━━━━━ INFORMATION SHOWN ━━━━━
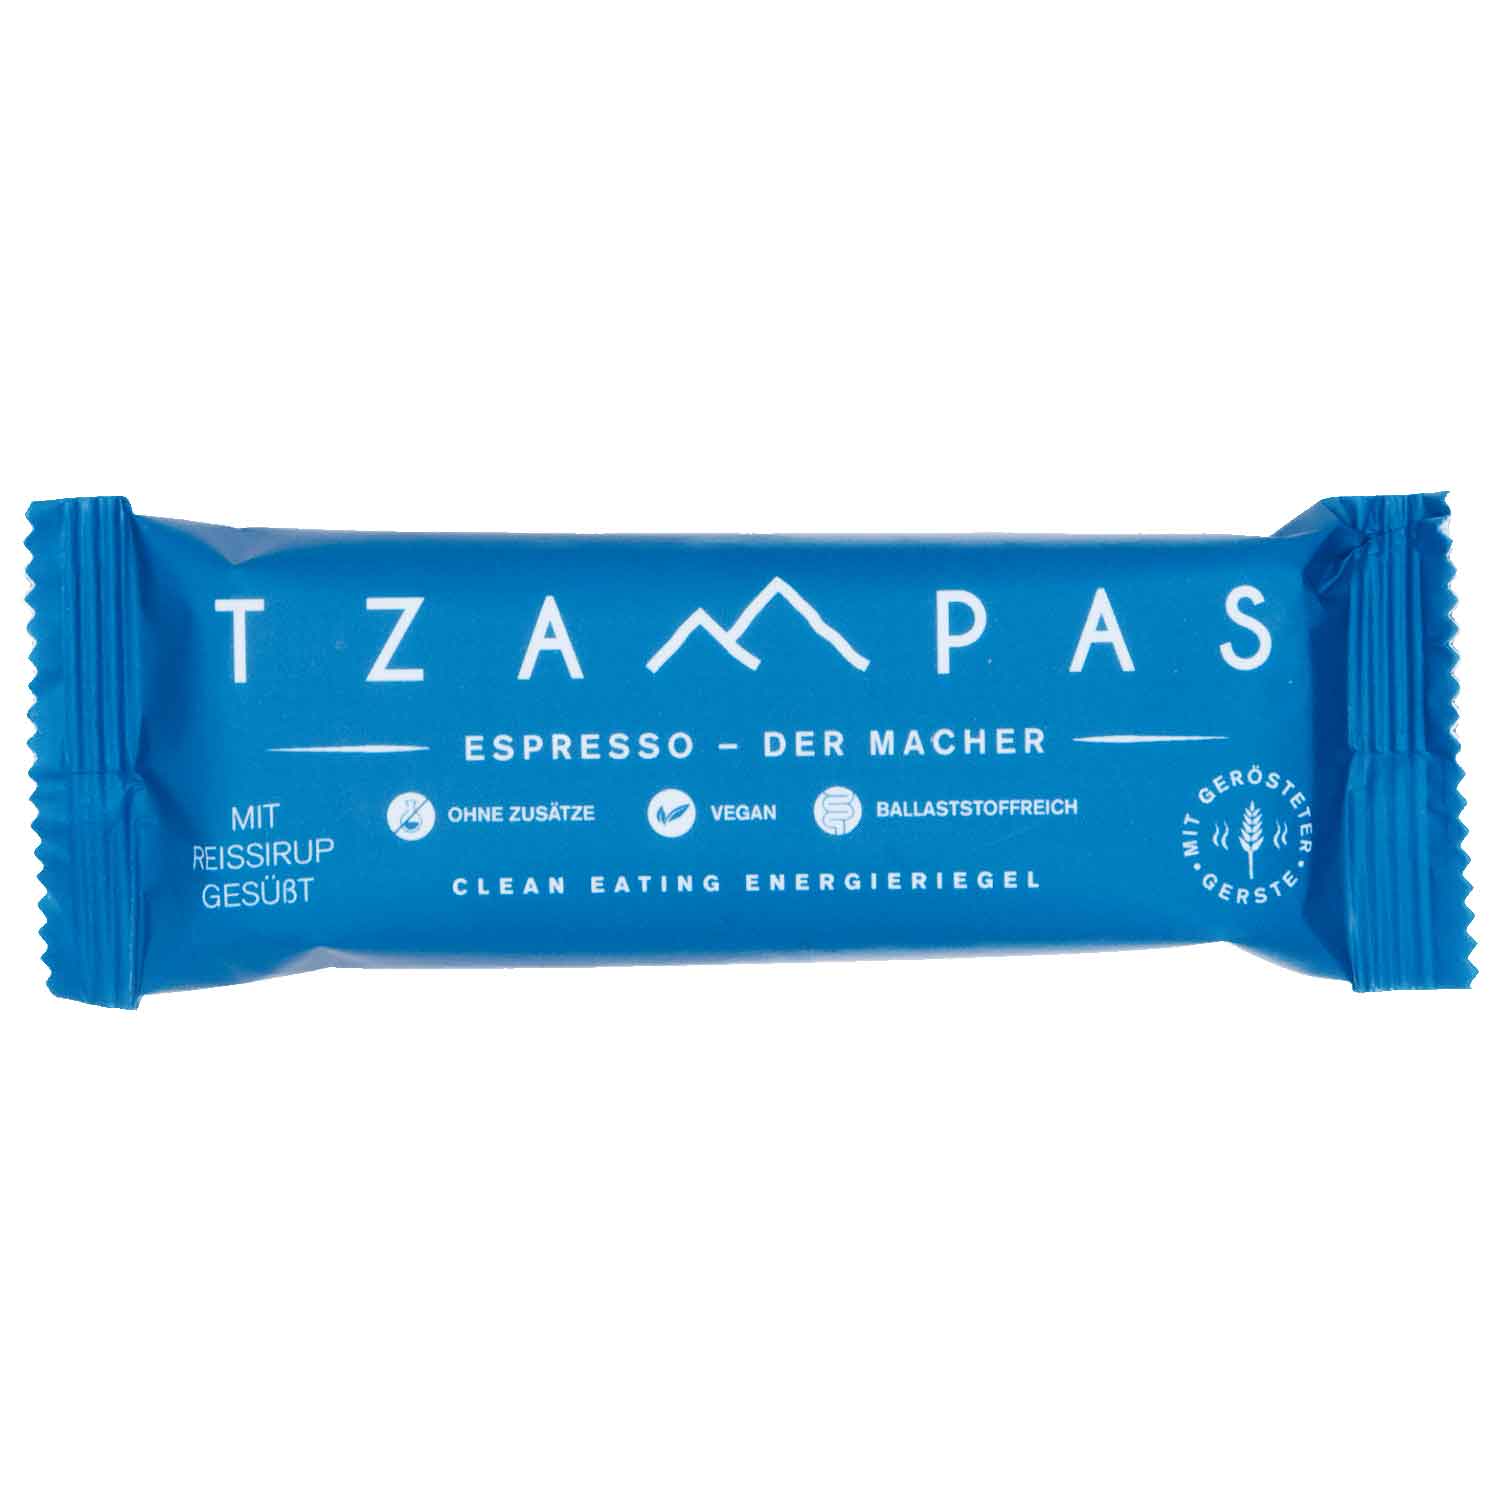 Productfoto van TZAMPAS BIO Espresso - Energiereep - 40g
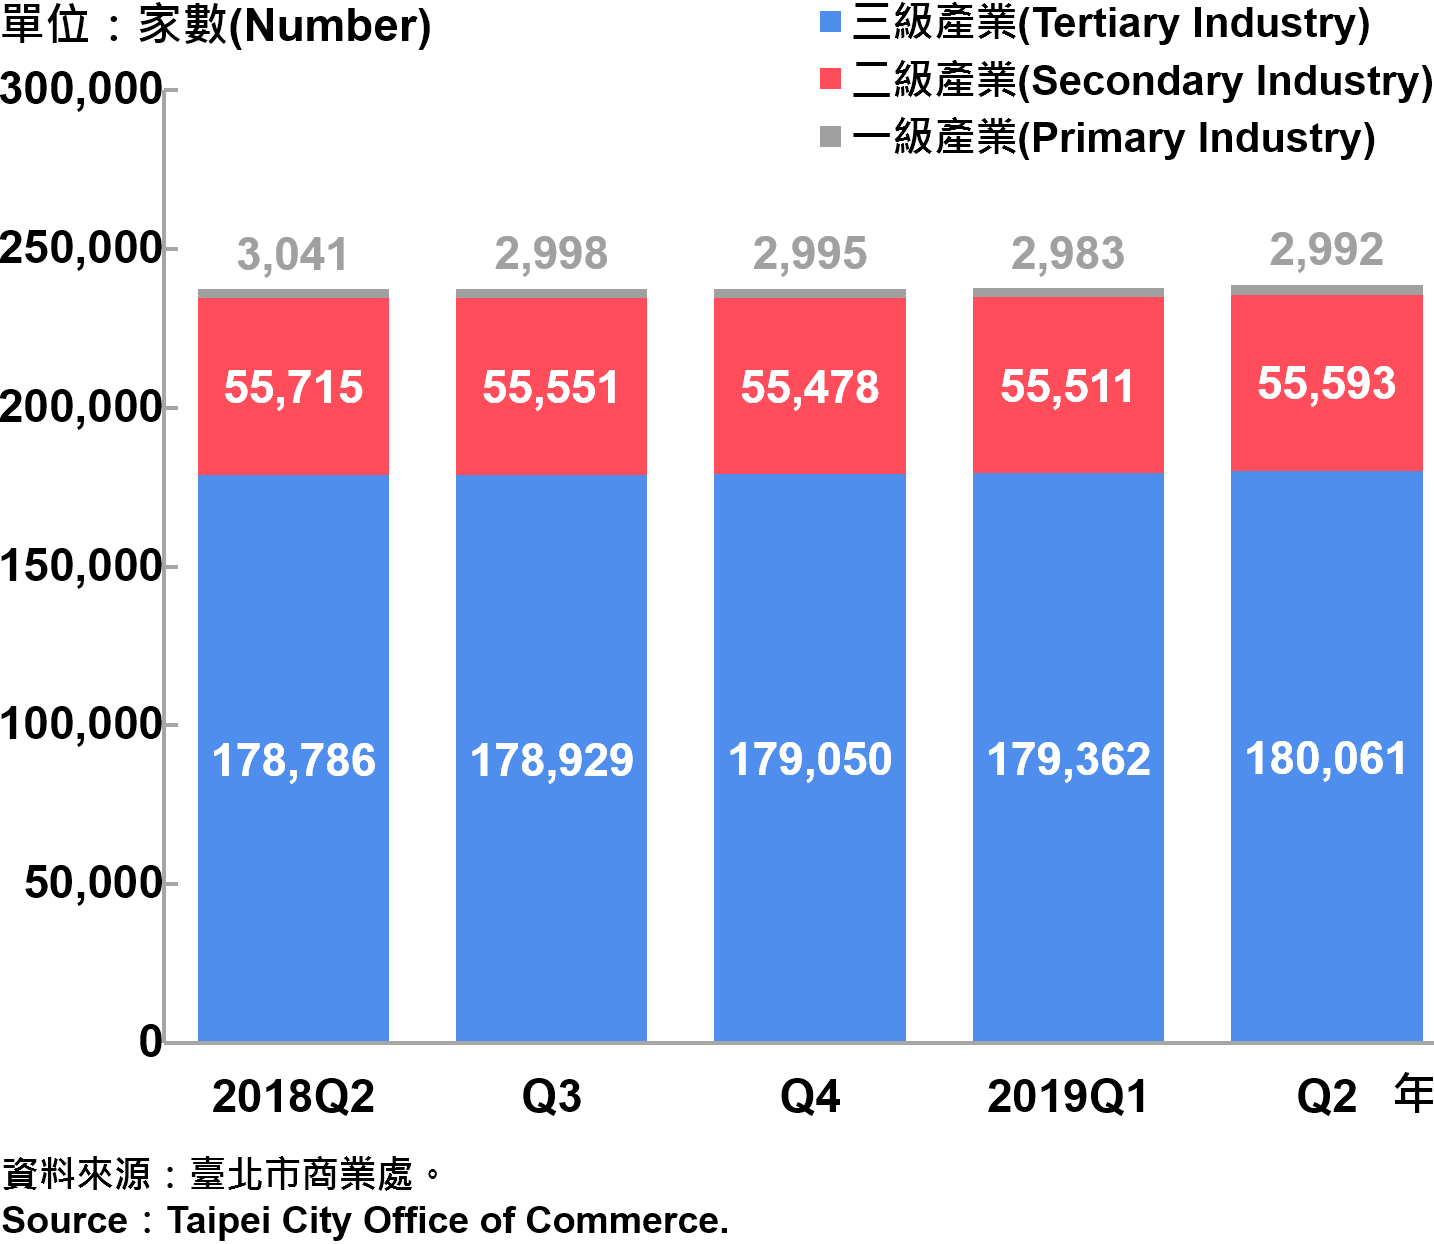 臺北市一二三級產業登記家數—2019Q2 Number of Primary , Secondary and Tertiary Industry in Taipei City—2019Q2
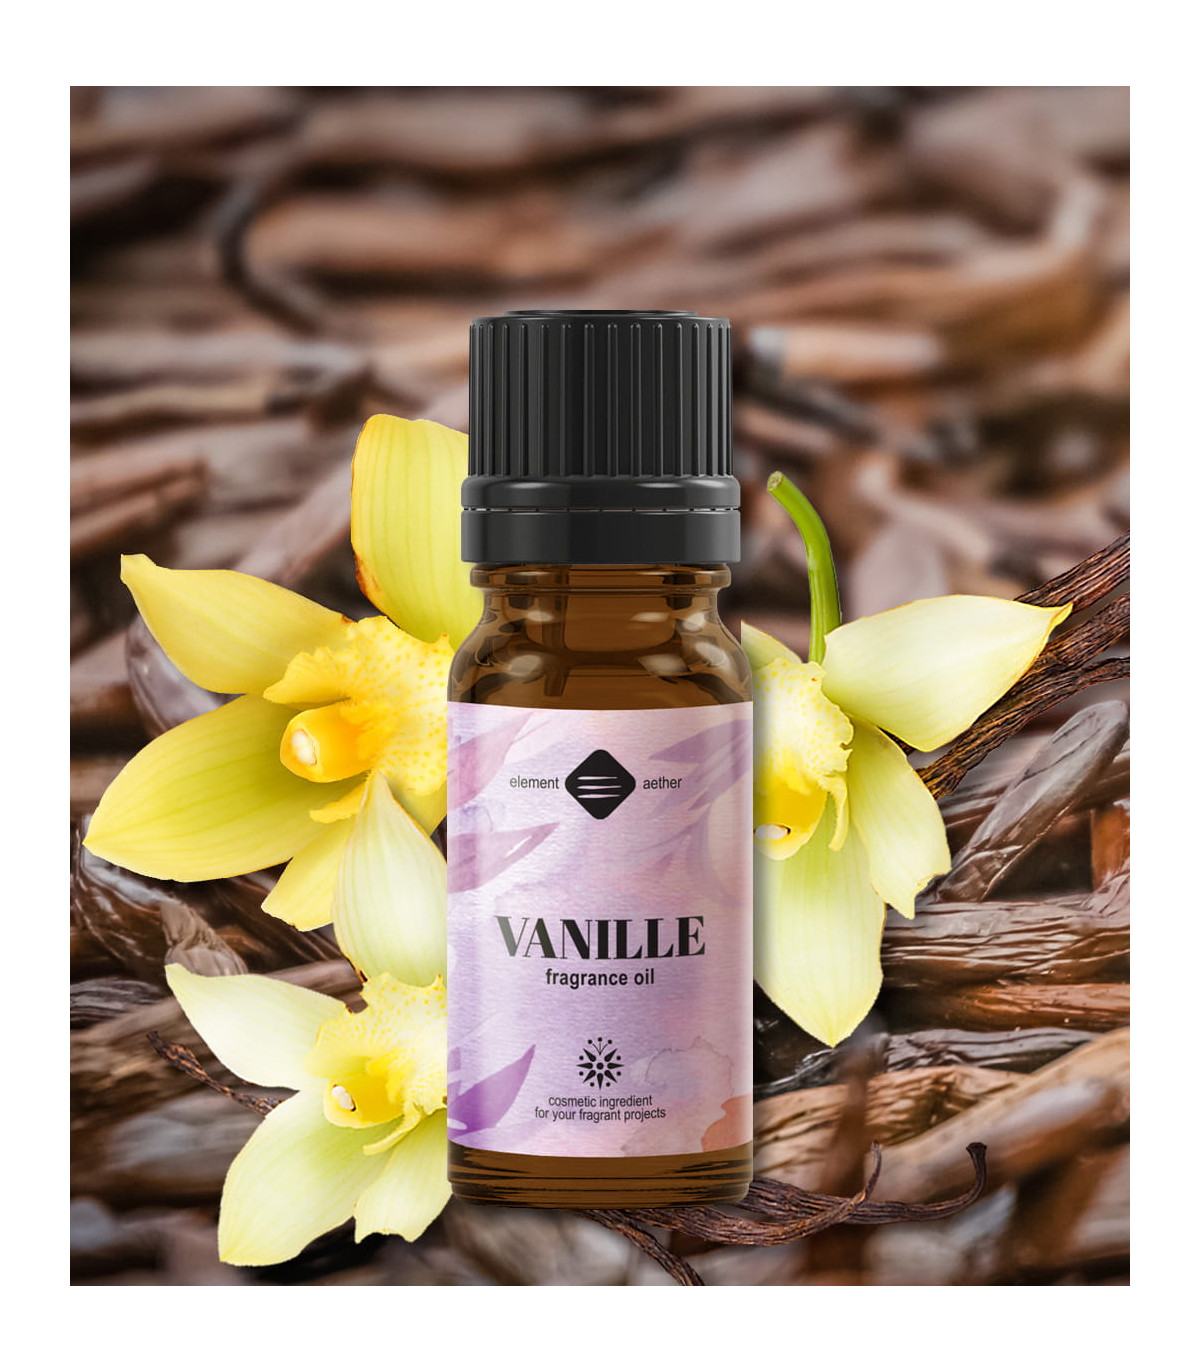 Vanille Fragrance oil
━━━━━
When you retype the data above, match every line exactly and leave the pictures behind.

 Productfoto van TZAMPAS BIO Espresso - Energiereep - 40g
 臺北市一二三級產業登記家數—2019Q2 Number of Primary , Secondary and Tertiary Industry in Taipei City—2019Q2
 Vanille Fragrance oil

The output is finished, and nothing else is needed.